TMT 32 and TMT 35 notes:

  • 32-plex TMT is a combination of non-deuterated 16-plex TMT and a deuterated 16-plex version, which requires a resolution of over 75,000 to resolve the reporter ions
  • 35-plex TMT is a combination of non-deuterated 18-plex TMT and a deuterated 17-plex version, which requires a resolution of over 75,000 to resolve the reporter ions

For datasets with low resolution MS2 spectra but high resolution MS3 spectra, MASIC will copy the reporter ion abundances from the MS3 spectra to the MS2 spectra if the median of the reporter ion abundances for a given scan is larger in the MS3 spectrum vs. the parent MS2 spectrum. This behavior can be adjusted using options UseMS3ReporterIonsForParentMS2Spectra and AlwaysUseMS3ReporterIonsForParents in a MASIC parameter file:

  • When UseMS3ReporterIonsForParentMS2Spectra is True and AlwaysUseMS3ReporterIonsForParents is False
    • Only copy from MS3 to MS2 if the median intensity is larger for the MS3 reporter ions
    • This is the default behavior
  • When UseMS3ReporterIonsForParentMS2Spectra is True and AlwaysUseMS3ReporterIonsForParents is True
    • Always copy reporter ion intensities from MS3 spectra to the parent MS2 spectra
  • When UseMS3ReporterIonsForParentMS2Spectra is False
    • Never copy reporter ion intensities from MS3 spectra to the parent MS2 spectra

MRM Data

When processing Thermo-Finnigan MRM data files, a file named _MRMSettings.txt will be created listing the parent and daughter m/z values monitored via selected reaction monitoring. You can optionally export detailed MRM intensity data using the "MRM Data List" and/or "MRM Intensity Crosstab" options. The MRM Data List file is a long, narrow file with only a few columns: Scan, MRM_Parent_MZ, MRM_Daughter_MZ, and MRM_Daughter_Intensity. In contrast, the MRM Intensity Crosstab file is a wide, rectangular file that presents the data in a crosstab format (aka PivotTable). Here, each column in the crosstab corresponds to the intensity values over time for a given parent m/z to daughter m/z transition being monitored.

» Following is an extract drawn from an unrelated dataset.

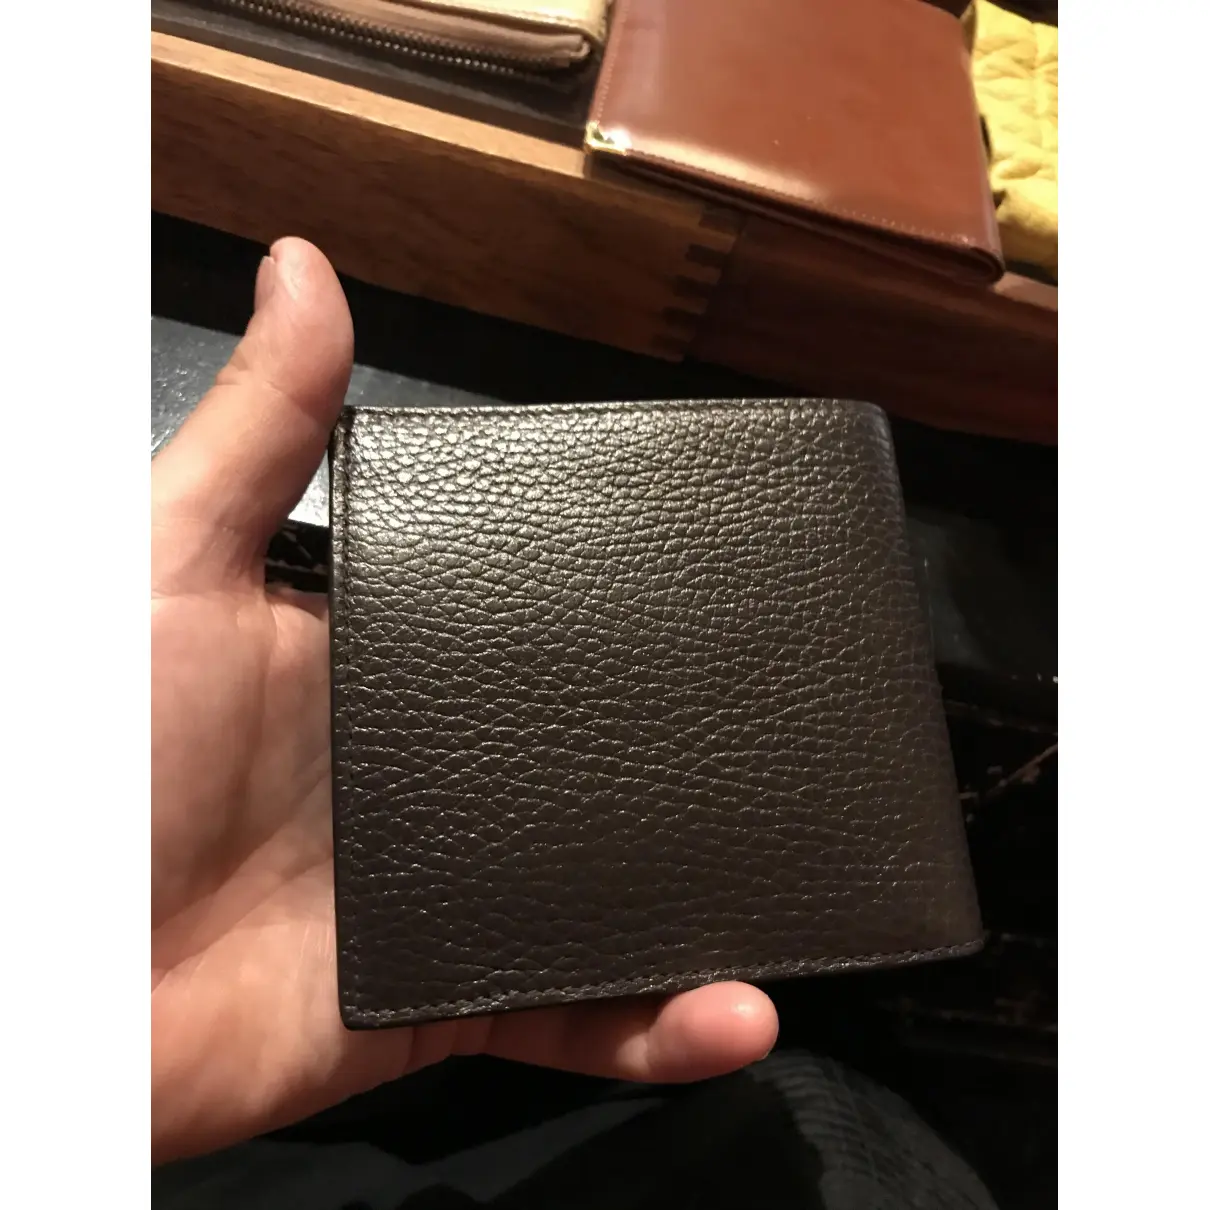 Leather small bag Gucci

If you convert a MRM file to the .mzML format using the MSConvert utility in ProteoWizard, you need to use command line switches --srmAsSpectra and --simAsSpectra. Otherwise, the PSI_Interface utility which we use to read .mzML files cannot load the mass spectra data. Example command line:

msconvert.exe --32 --mzML --srmAsSpectra --simAsSpectra DatasetName.raw

IonCountRaw vs. IonCount

In the ScanStats file, IonCountRaw is the number MASIC m/z values present in each spectrum. IonCount is the number of points that MASIC keeps in memory and examines when creating SICs. For LTQ-FT data with scans containing lots of high resolution data, MASIC compresses the data a bit to combine m/z values that are within ~0.05 m/z (thus, combine 1000.05 and 1000.052 as simply 1000.051). Additionally, for scans with a lot of low quality, low intensity data, MASIC discards the low intensity data. The IonCount value would let you see which scans MASIC is discarding some data, for whatever reason.

.mzML Support

Although MASIC can read .mzML files, when possible, you should process Thermo raw files directly with MASIC. The reason is that the m/z and intensity values obtained using ThermoRawFileReader.dll and ThermoFisher.CommonCore.Data.dll more accurately represent the true data, in particular for centroided data obtained from a profile mode scan.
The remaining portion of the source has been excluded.